Rapid Review: Surgical Resection of Colon Cancer Liver Metastases
RAPID REVIEW
Surgical Resection of Colon Cancer Liver Metastases
Robert G. Fenton, MD, PhD, Clinical Associate Professor, Clinical Research Committee Member, University of Maryland, Marlene and Stewart Greenebaum Cancer Center. Dr. Fenton reports no financial relationships relevant to this field of study.
Approximately half of colon cancer patients will develop liver metastases during the course of their disease, but only about 20% of patients with hepatic metastases are candidates for surgical resection. Criteria for resectability include no radiologic evidence of involvement of the hepatic artery, portal vein, or major bile ducts, no local lymph node involvement, and adequate reserve in the remaining liver. An analysis of 3,957 Medicare patients who had surgical resection of liver metastases from 2000-2004 demonstrated a 25% five-year survival, with 30- and 90-day mortality rates of 4% and 8%, respectively. Indicators for poor short- and long-term mortality were age > 80, comorbid disease, and synchronous colon/hepatic resection.1 Given that the five-year survival for patients with metastatic colorectal cancer after chemotherapy is only 10%, surgical removal of liver metastases should be attempted if there is a reasonable chance for complete resection.
With more active chemotherapy regimens and better surgery, patients with multiple, bilobar metastases can be candidates for resection, with five- and 10-year survivals in the 50% and 30% range, at least in a small series of highly selected patients.2 It is generally recommended that when four or more lesions are present, neoadjuvant chemotherapy should be used to determine the responsiveness and biologic behavior of the patient's cancer, and to improve chances of obtaining clear margins at surgery.

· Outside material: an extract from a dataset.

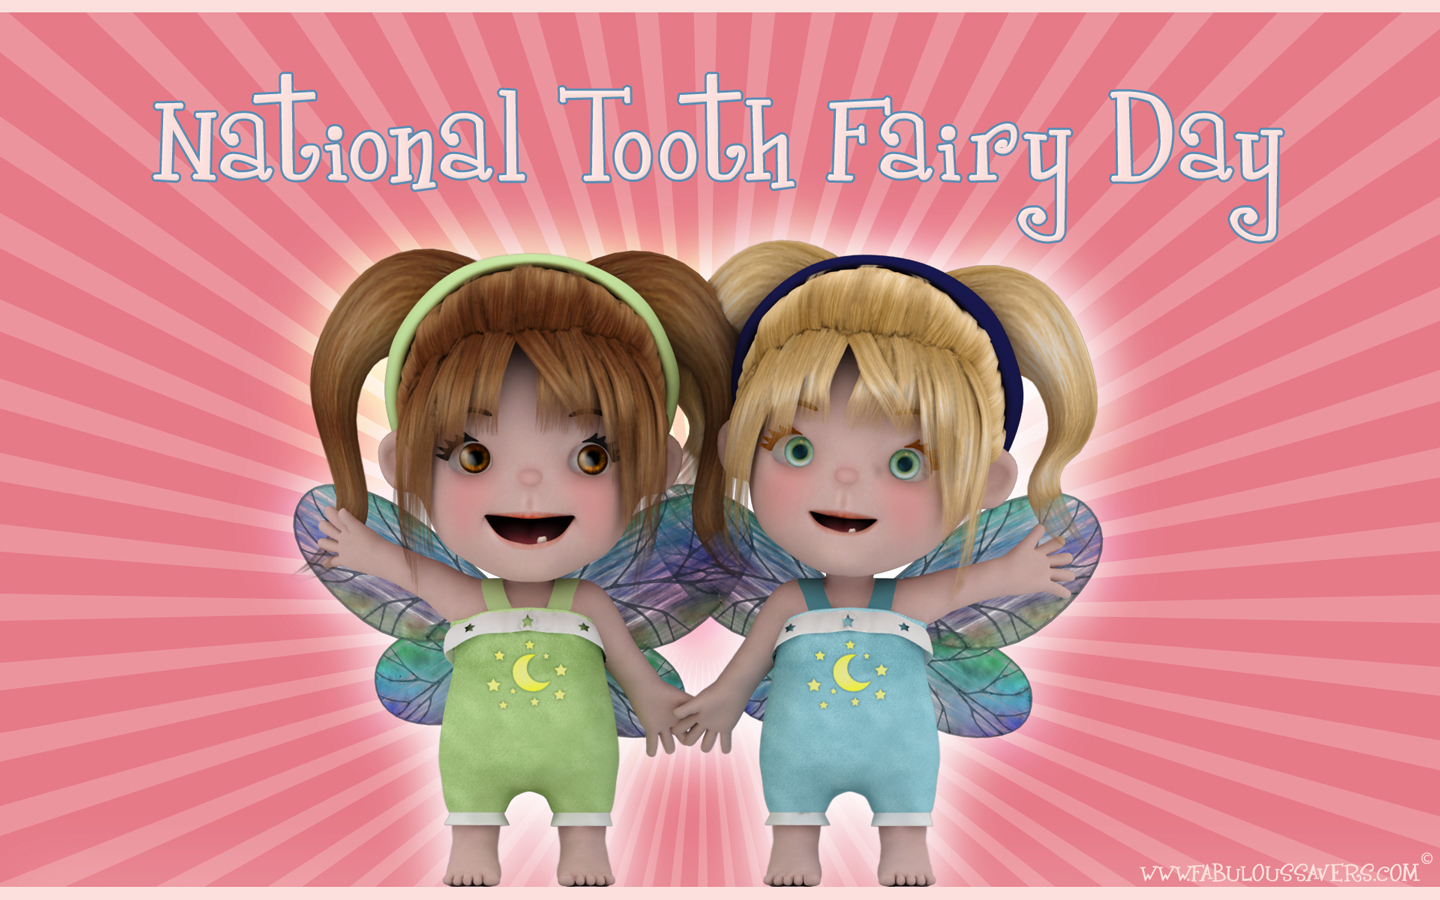 National Tooth Fairy Day Puter Desktop Wallpaper Pictures

Post-operative chemotherapy is imperative to reduce the high recurrence rates after surgery, especially in cases with large numbers of metastases (e.g., > 7). A randomized study comparing resection of hepatic metastases, with or without perioperative FOLFOX4, demonstrated a significant increase in progression-free survival of 7%-9% in the chemotherapy group.3 At 3.9 years of follow-up, there was a three-year DFS trend favoring the chemotherapy arm (35 vs. 28%, p = 0.058).3 The role of hepatic artery infusion (HAI) after the resection of hepatic metastases is being studied in NSABP C-09, which is comparing systemic capecitabine plus oxaliplatin alone or combined in alternating cycles with HIA infusion of FUDR.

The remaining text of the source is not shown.